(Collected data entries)
Content starts

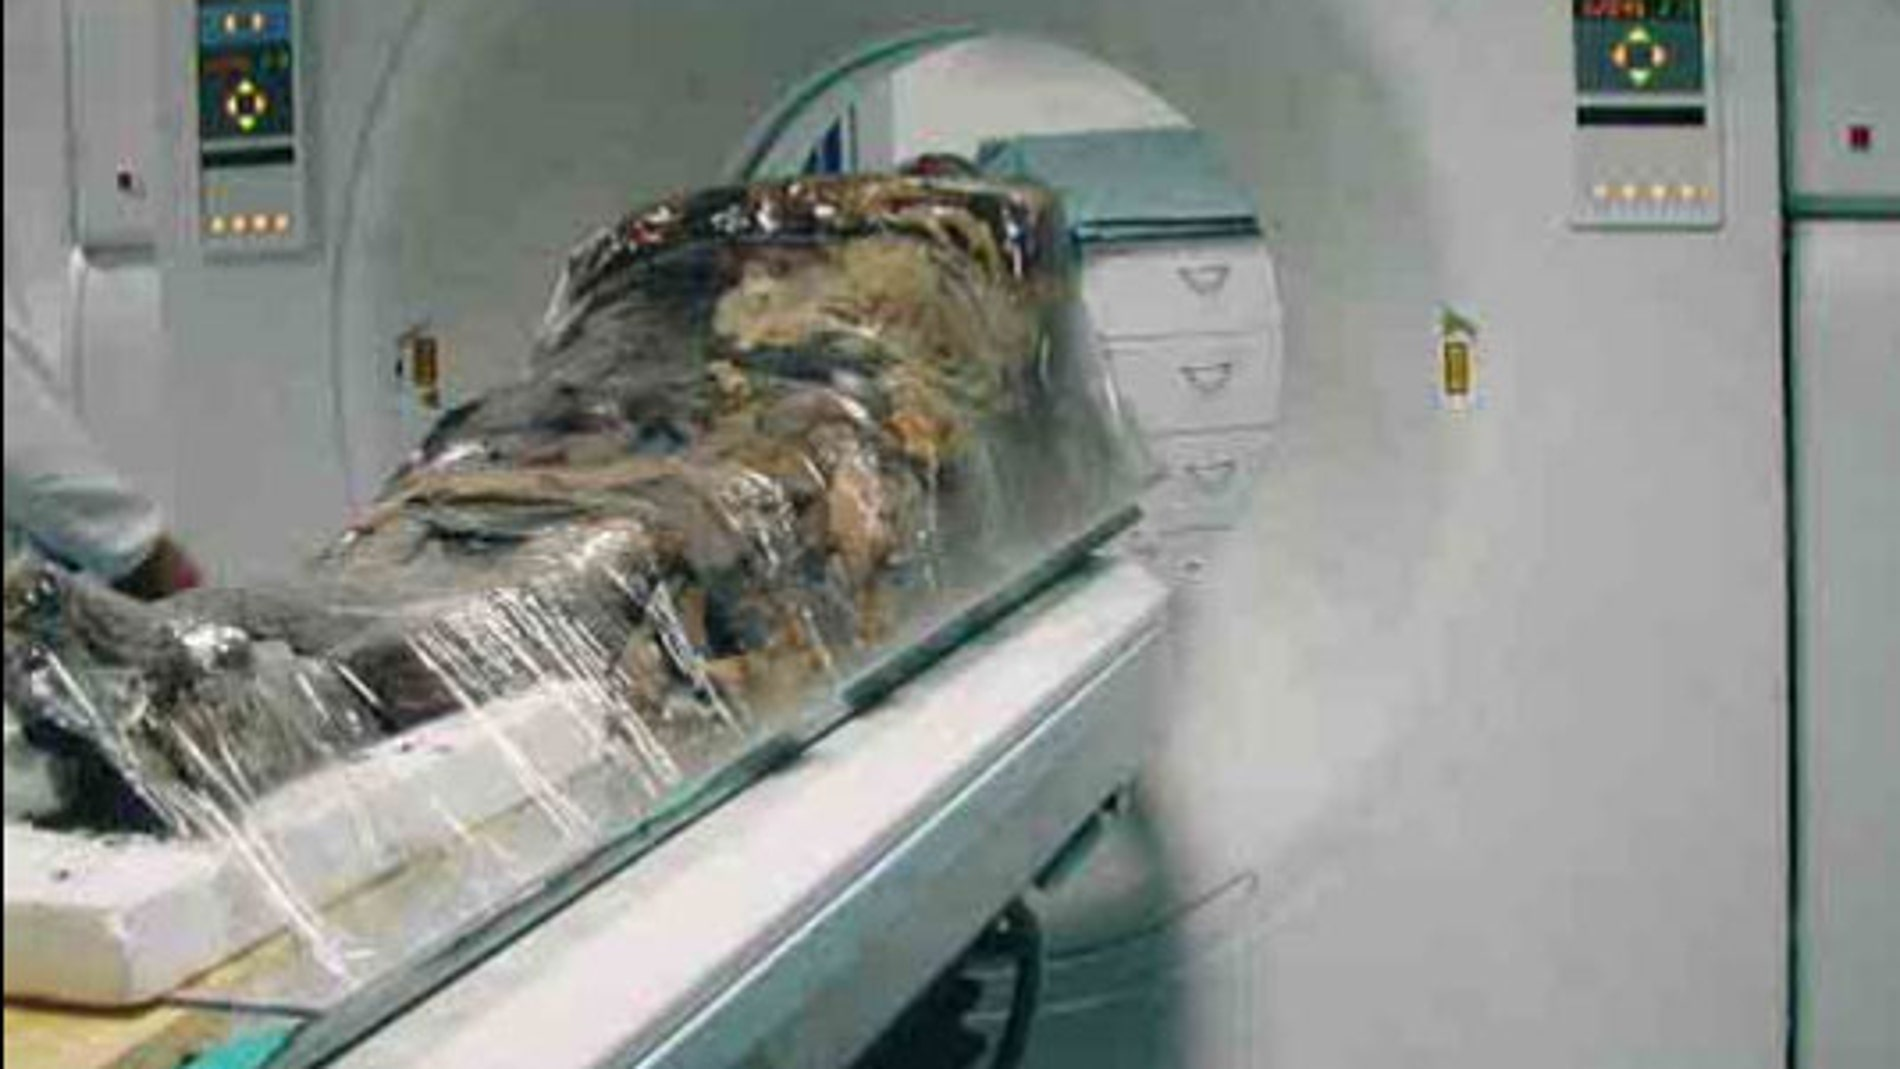 La momia de Cangrande analizada en Pisa
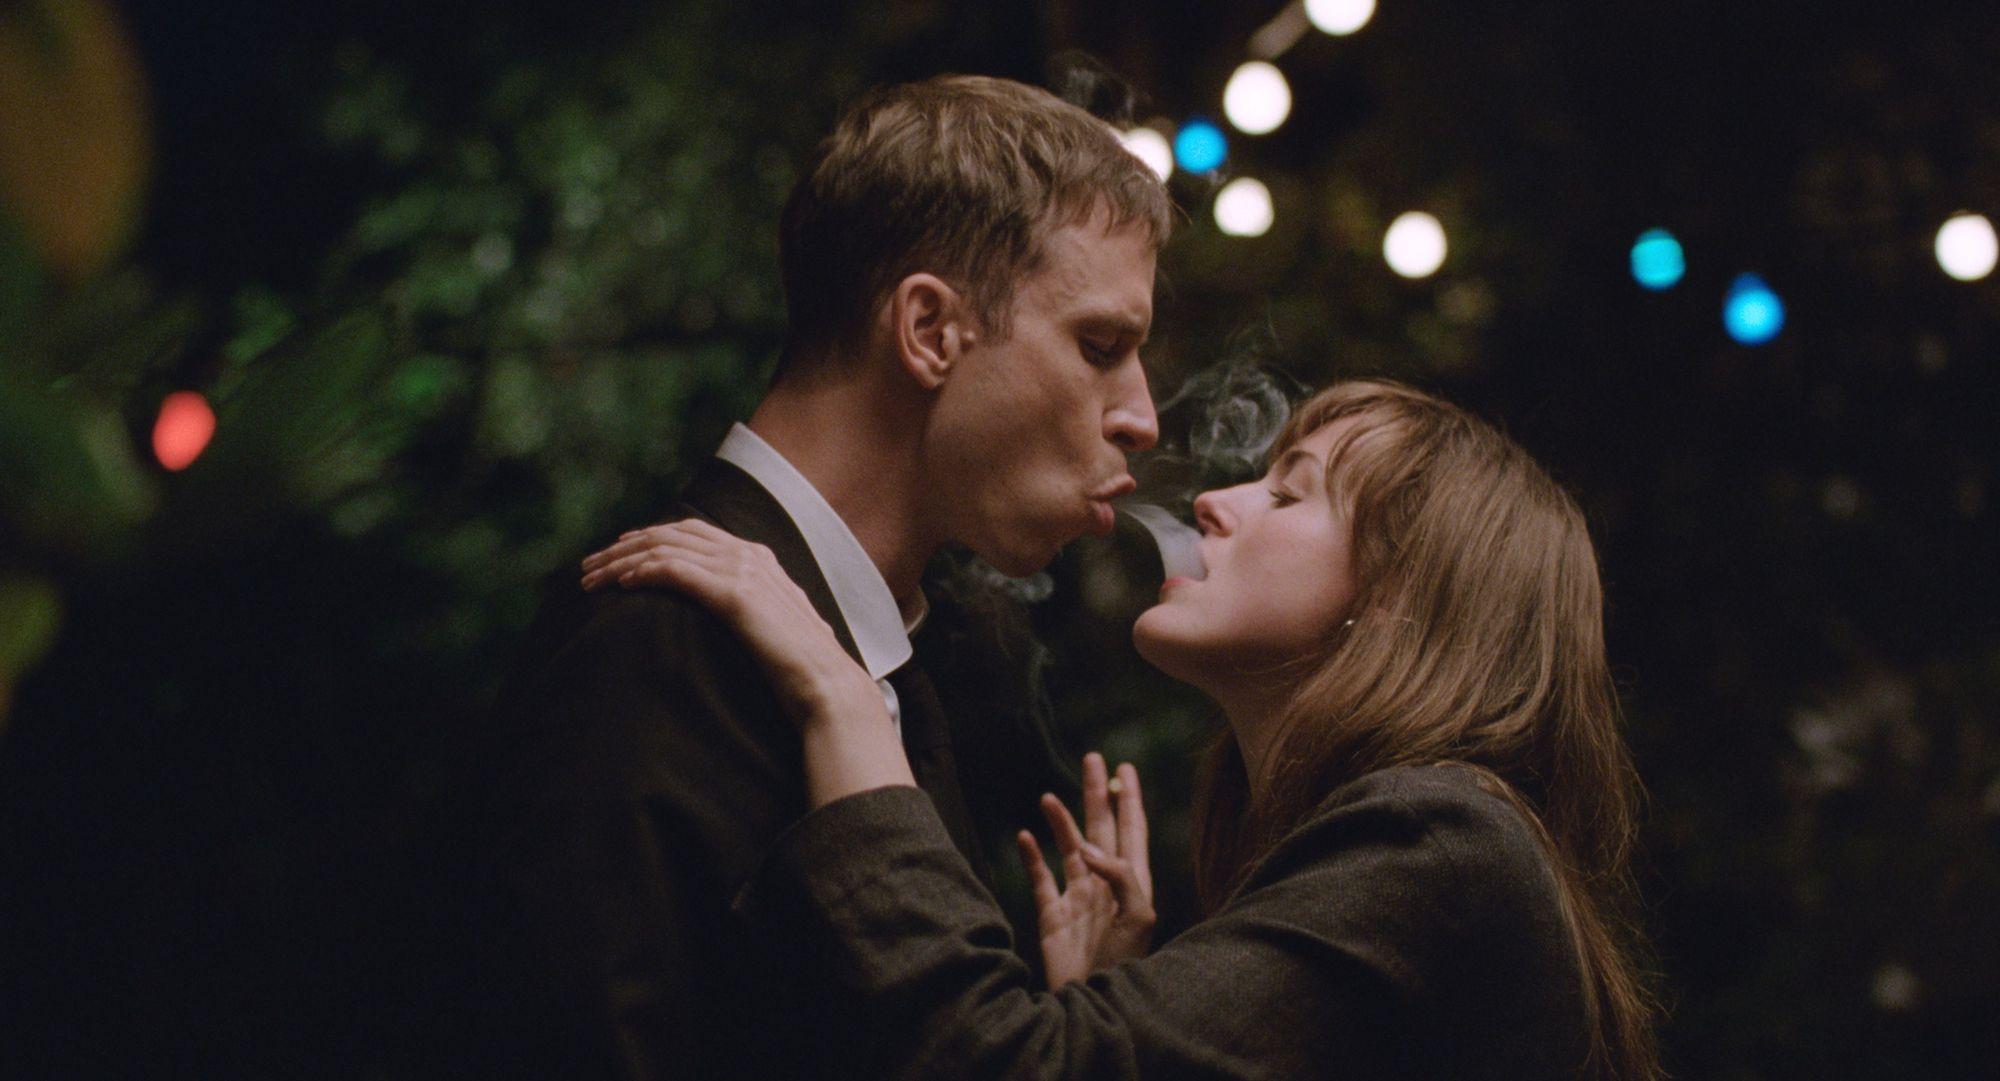 The Worst Person in the World recensione film di Joachim Trier con Renate Reinsve
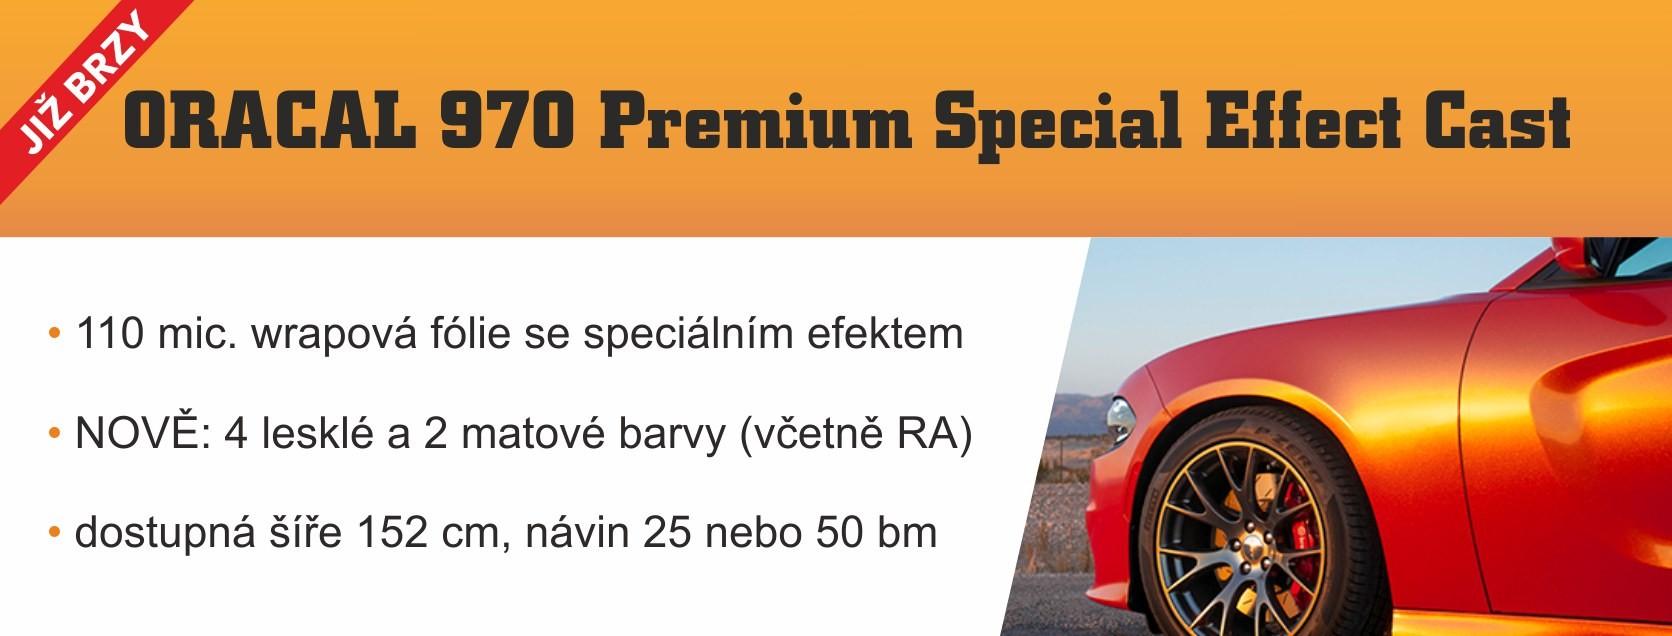 oracal-970-specialni-efekty
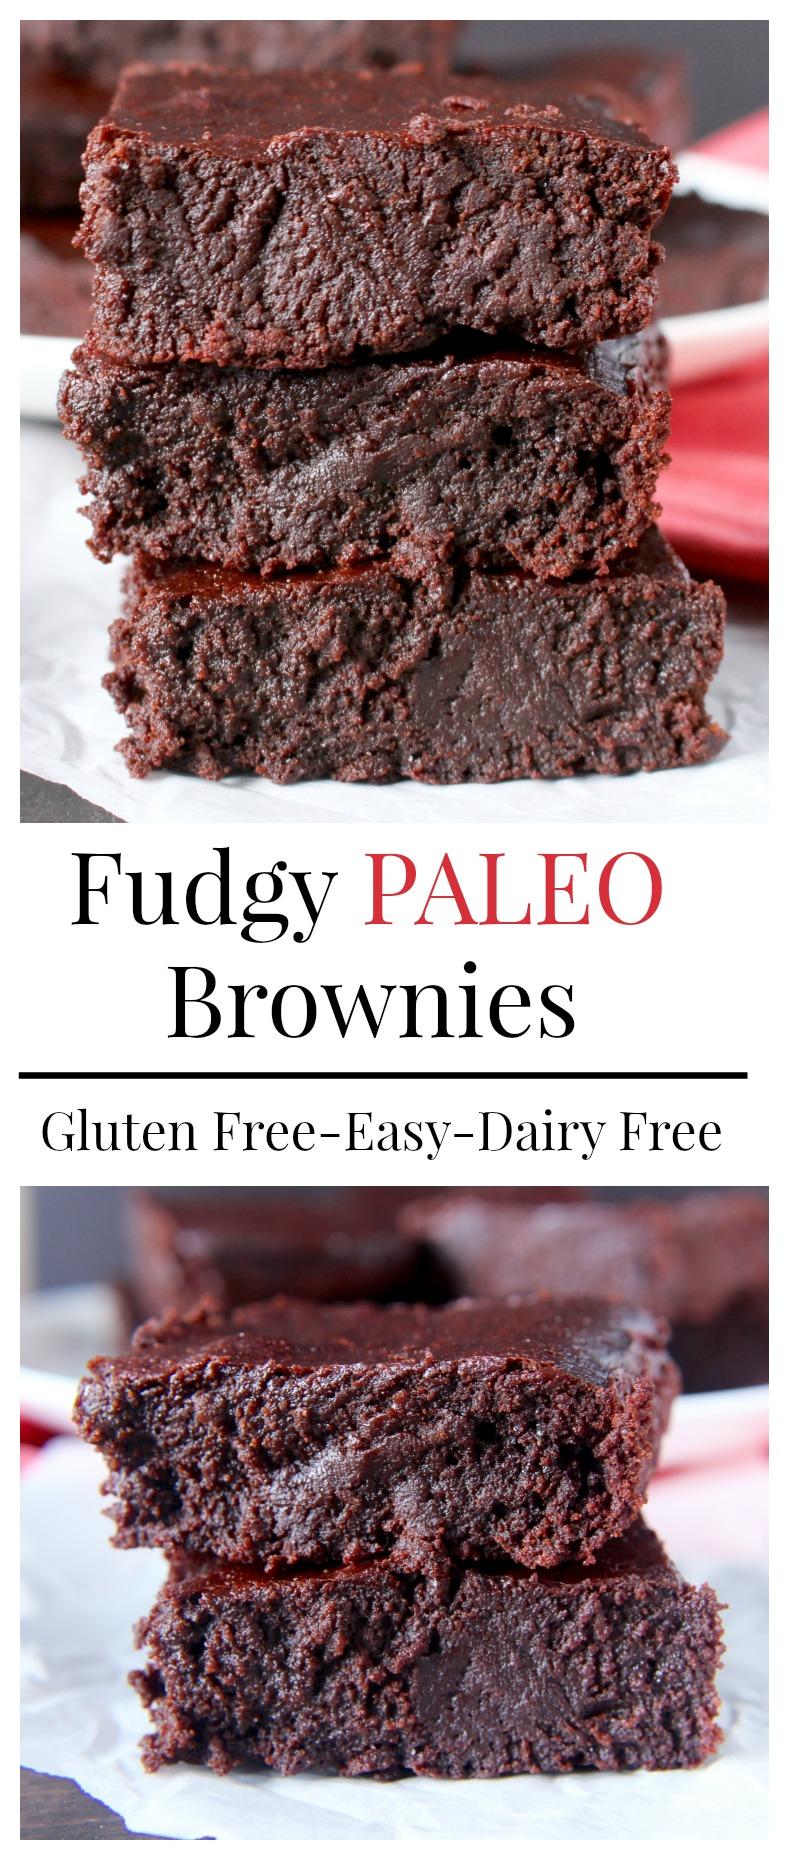 Fudgy Paleo Brownies
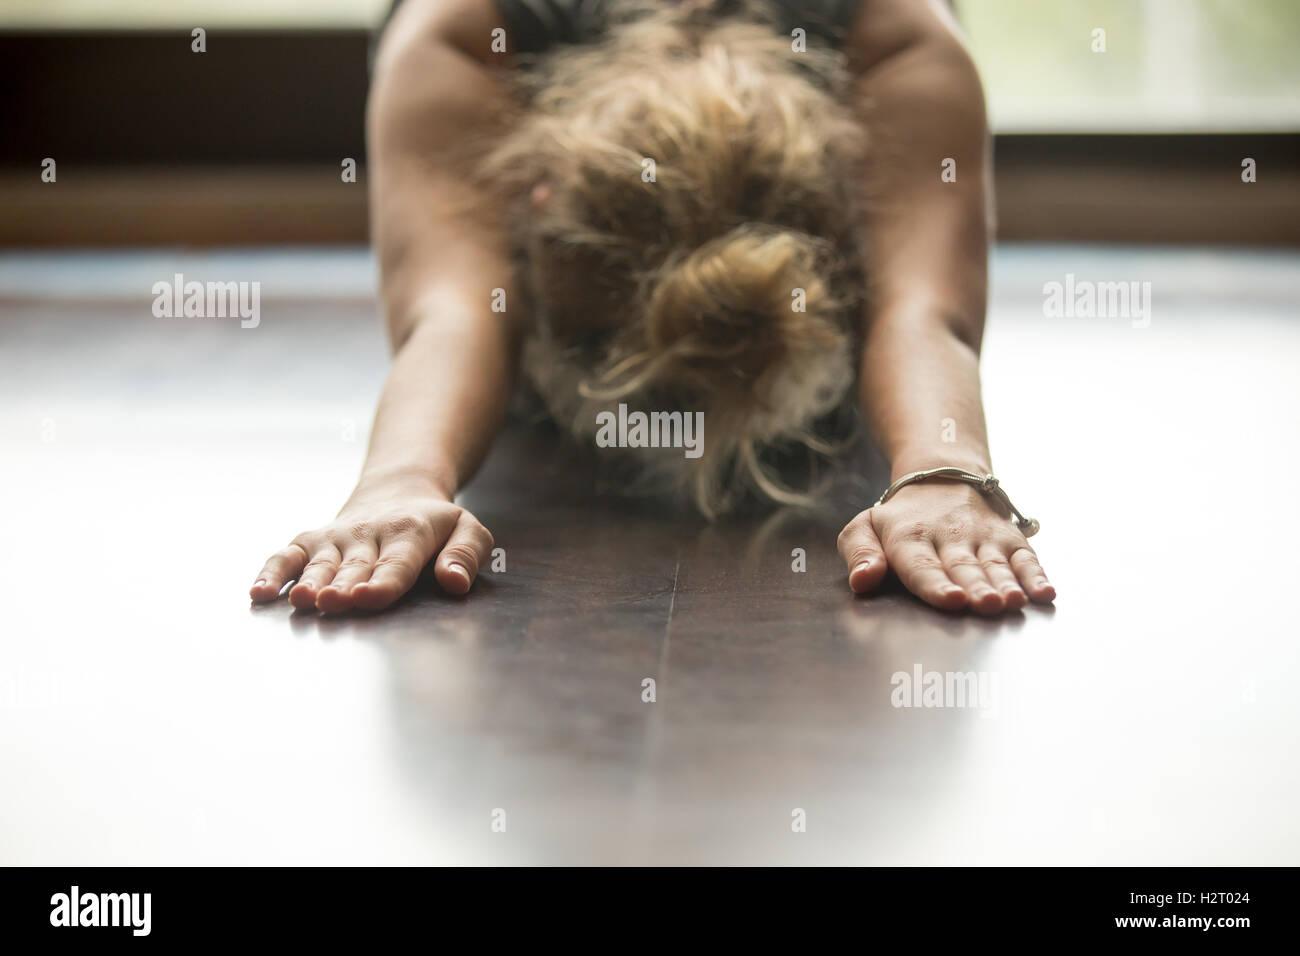 Yoga en casa: los niños plantean Imagen De Stock

Content ends

- Action item
Except for the pictures, write the data out exactly.

- Task solution
 La momia de Cangrande analizada en Pisa
 The Worst Person in the World recensione film di Joachim Trier con Renate Reinsve
 oracal-970-specialni-efekty
 Fudgy Paleo Brownies
 Yoga en casa: los niños plantean Imagen De Stock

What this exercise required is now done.